<!--
Copyright 2025 XTX Markets Technologies Limited

SPDX-License-Identifier: GPL-2.0-or-later
-->

# Disk Failures

## How TernFS stores files

* Each file is made out of a bunch of spans.
* Each span is made out of a bunch of blocks. Currently we organize the spans such that any 4 blocks inside a span can fail for whatever reason and the span is still readable.
* Each block has a unique block id, and is stored in a "block service".
* A block service is really an individual disk, and also has a unique "block service id".
* Many block services (i.e. disks) are grouped in a single server. In this context we call such a server a "failure domain", since the block services within it can fail all at once.
* All block services in a single server are serviced by a single process (`eggsblocks`).
* You can witness this hierarchy in the front page of the web UI.

## What to do when a disk fails

Note that this section is out of date. It was written when there was no automatic marking of failed disks. Moreover now it is not necessary to restart block services after decommissioning. Leaving it here since many concepts still apply, but should be updated.

From time to time disks will fail. As they do, things will just keep working as normal (both the read and write end), as long as we don't have more than 4 disks failed at once before we migrated away from them.

We might notice that disks fail in a variety of ways (alerts in the block service, hostmon, etc.). The best telltale sign of a failed disk is a flurry of `BLOCK_IO_ERROR_DEVICE` clearable alerts in the block service, and a non-clearable alert saying "could not update block service info for block service ...". See also  the [alerts doc](https://github.com/XTXMarkets/ternfs/blob/main/docs/alerts.md). But in any case, once we know a disk has failed, these are the steps to restore sanity.

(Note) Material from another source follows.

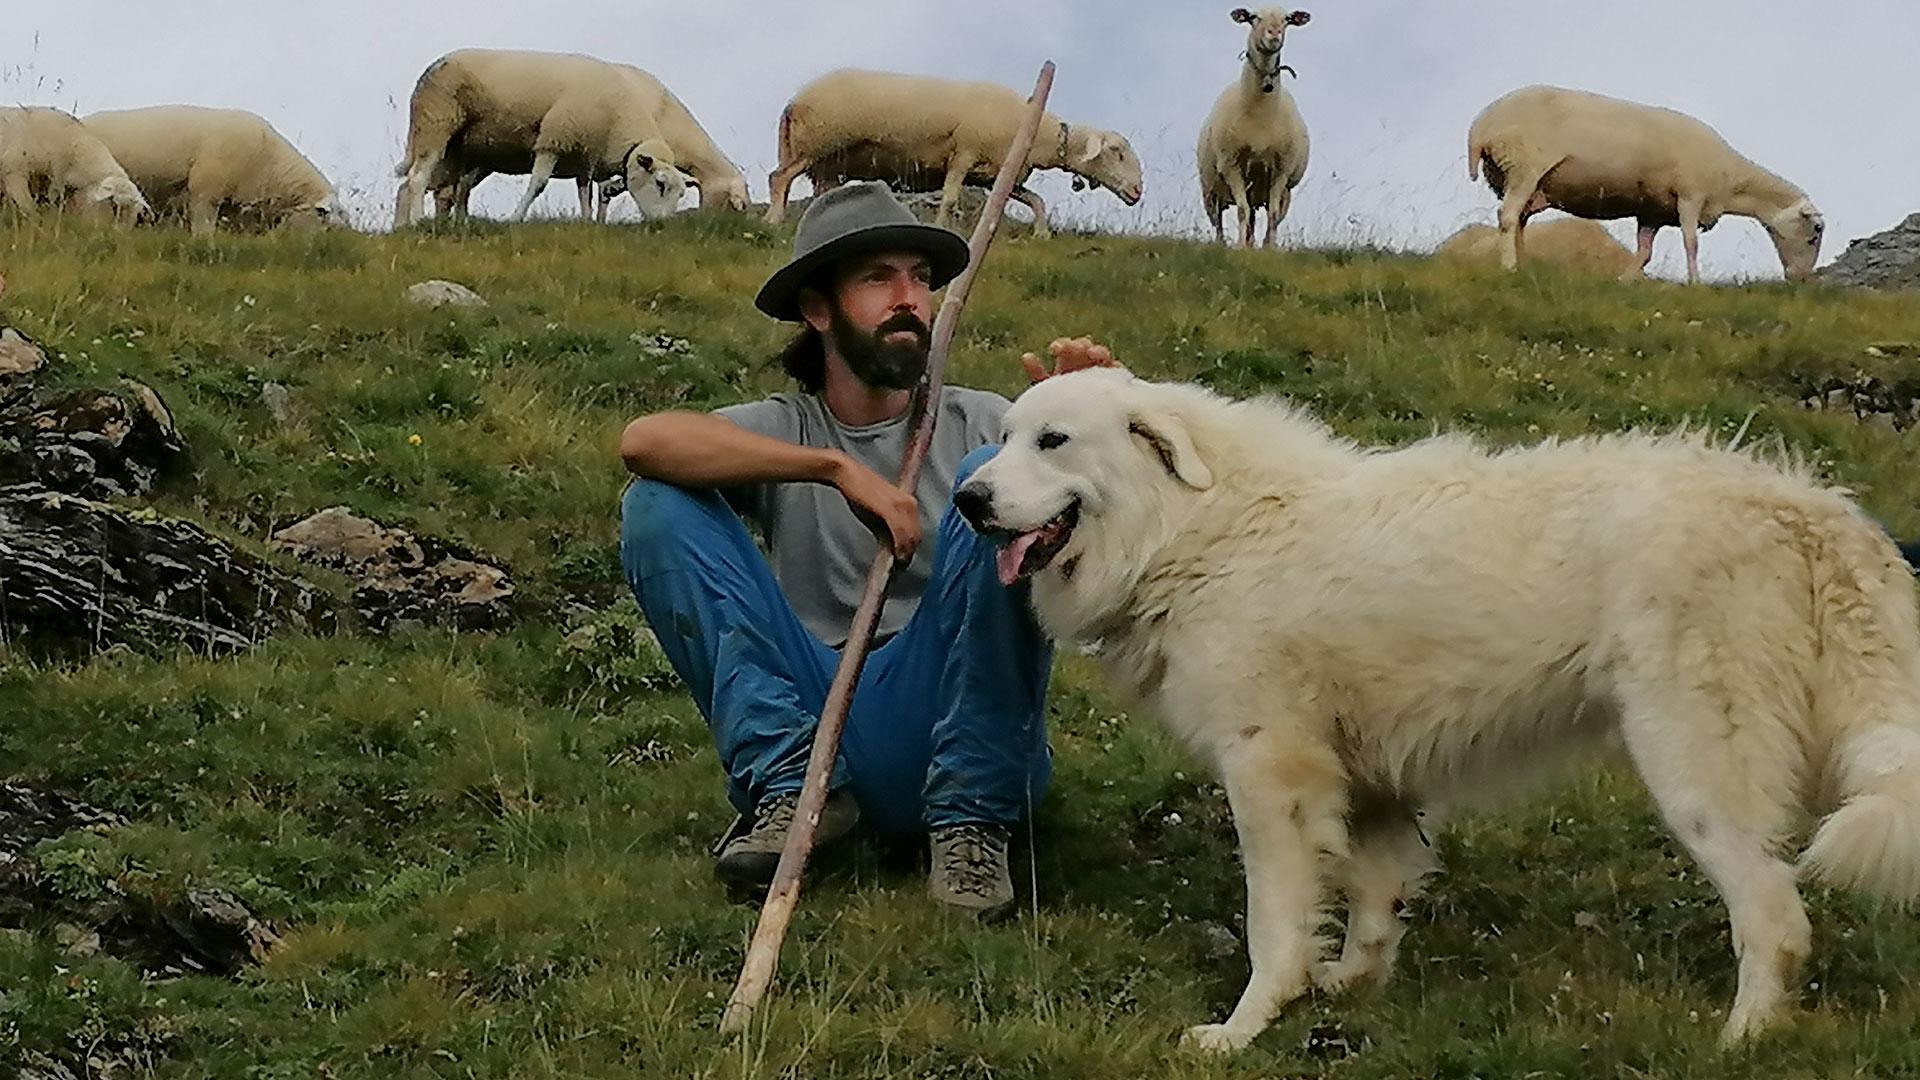 Weidenschutz in der Schweiz: Schäfer mit Weidenschutzhunden Patou (Pyrenäen-Berghund)

1. Establish the block service id. Maybe the alerts that caused you to notice that the disk has failed already contain this, but if they don't, the easiest thing is to check which mount corresponds to which block service id by searching through block services in the front page of the web ui. We'll refer to this fictional failing block service with the id `0xbadc0ffee0ddf00d`.

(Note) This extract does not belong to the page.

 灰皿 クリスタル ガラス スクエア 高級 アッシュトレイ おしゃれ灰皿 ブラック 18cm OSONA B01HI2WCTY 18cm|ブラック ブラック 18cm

1. If you're still investigating (i.e. you're not sure that the disk is actually dead), you can set the block service as read-only in the meantime to stop clients from attempting to write to it:

       % terncli -registry <registry-addr> -prod blockservice-flags -id 0xbadc0ffee0ddf00d -set NO_WRITE

    If you realize that the block service is actually fine, you can remove the `NO_WRITE` flag with

       % terncli -registry <registry-addr> -prod blockservice-flags -id 0xbadc0ffee0ddf00d -unset NO_WRITE

    The flags are visible in the web ui.

    Note that flags will take a bit to propagate (shouldn't be more than 2 minutes). However clients are smart, and they will automatically recover from failed reads/writes, so things will keep working throughout save from the occasional alert in `dmesg`.

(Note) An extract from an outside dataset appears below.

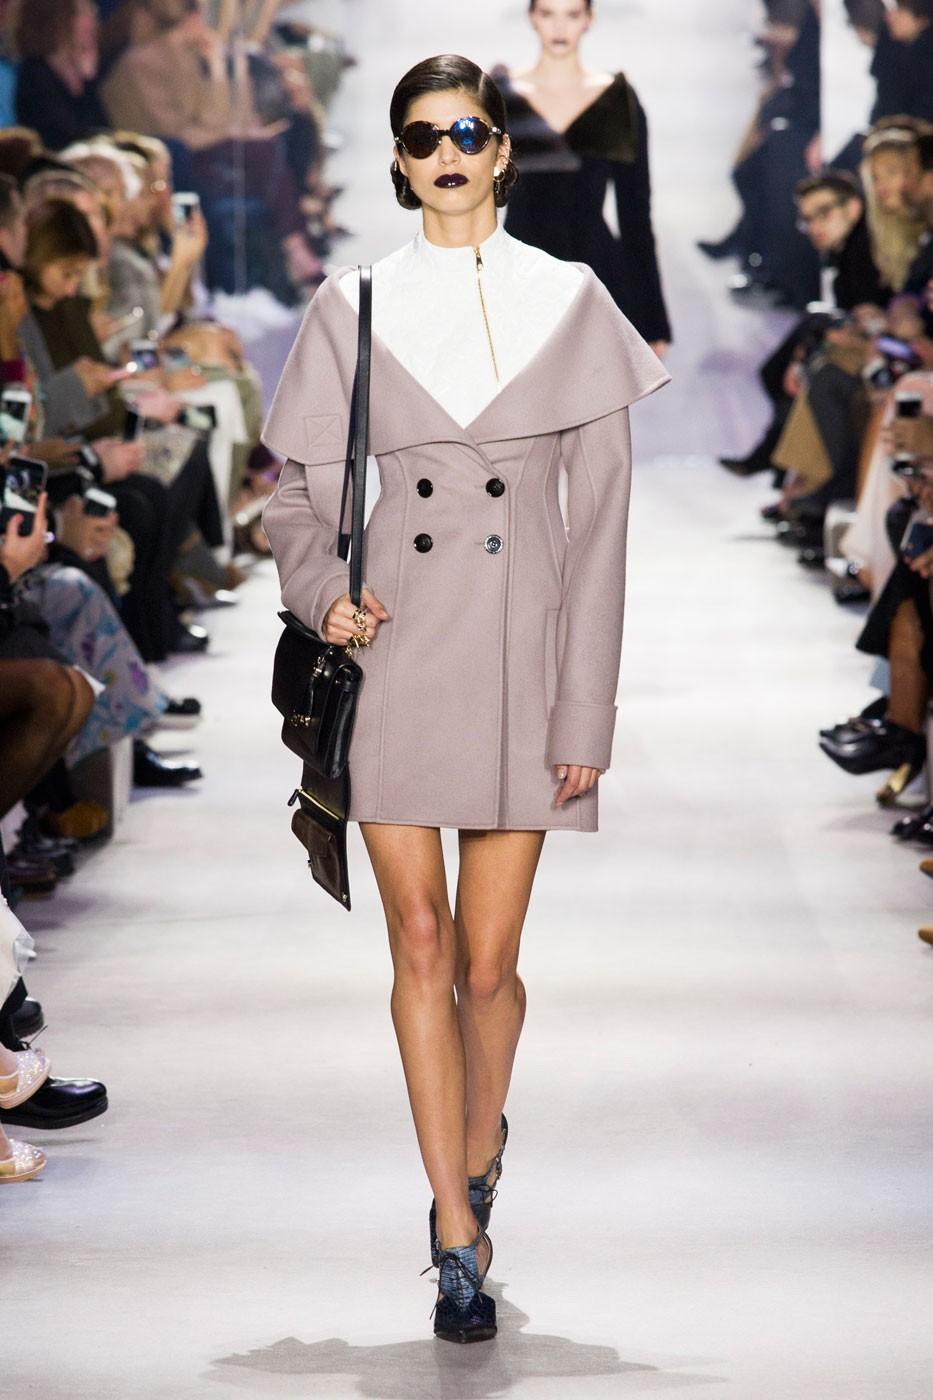 Christian Dior, աշուն-ձմեռ ՛16/17 հավաքածու

1. Once you're sure that the disk is gone, you can mark it as such with

       % terncli -registry <registry-addr> -prod blockservice-flags -id 0xbadc0ffee0ddf00d -set DECOMMISSIONED

    Clients will stop reading/writing to the block service (again, with some delay). Note that setting a block service as decommissioned is a permanent action: from this point on, the block service is gone forever, and can only be migrated out of. Or in other words, the command above is not something to be put in automated scripts -- a human must vet it, at least for now.

1. Restart the block services in the machine where `0xbadc0ffee0ddf00d` used to live in.

    This will forget about the old block service id -- from now on requests asking for blocks in that block service will return `BLOCK_NOT_FOUND`. This means that there's going to be a short interval of time (around two minutes, see comment about flag propagation in point 1) whereby you might get `BLOCK_NOT_FOUND` alerts as shards realize that the block service is now decommissioned. These alerts can be binned.

1. `ternmigrate` instances will now start migrating the block service, you'll get a non-alerting alert such as

       % migrate.go:238 0xbadc0ffee0ddf00d: migrated 306565.72MB in 414548 blocks in 394912 files, at 1129.97MB/s (recent), 1021.56MB/s (overall)

    informing you of the progress.

1. Once the migration finishes (i.e. once the `ternmigrate` alert disappears) we're "safe", in the sense that we won't lose data because of the failed disk. Afterwards (or while the migration runs, but there's no urgency), do whatever you need to do to replace the disk.

    Once the disk is replaced (you can check the serial to make sure the right disk is replaced), you will have to umount the old mount, format the new disk, mount the new disk and chown the mount.

1. After you've replaced the disk and the partition is mounted, restart `ternblocks` again so that a new block service will be spun up.

    Again, clients will automatically work around the temporary failures due to the restart.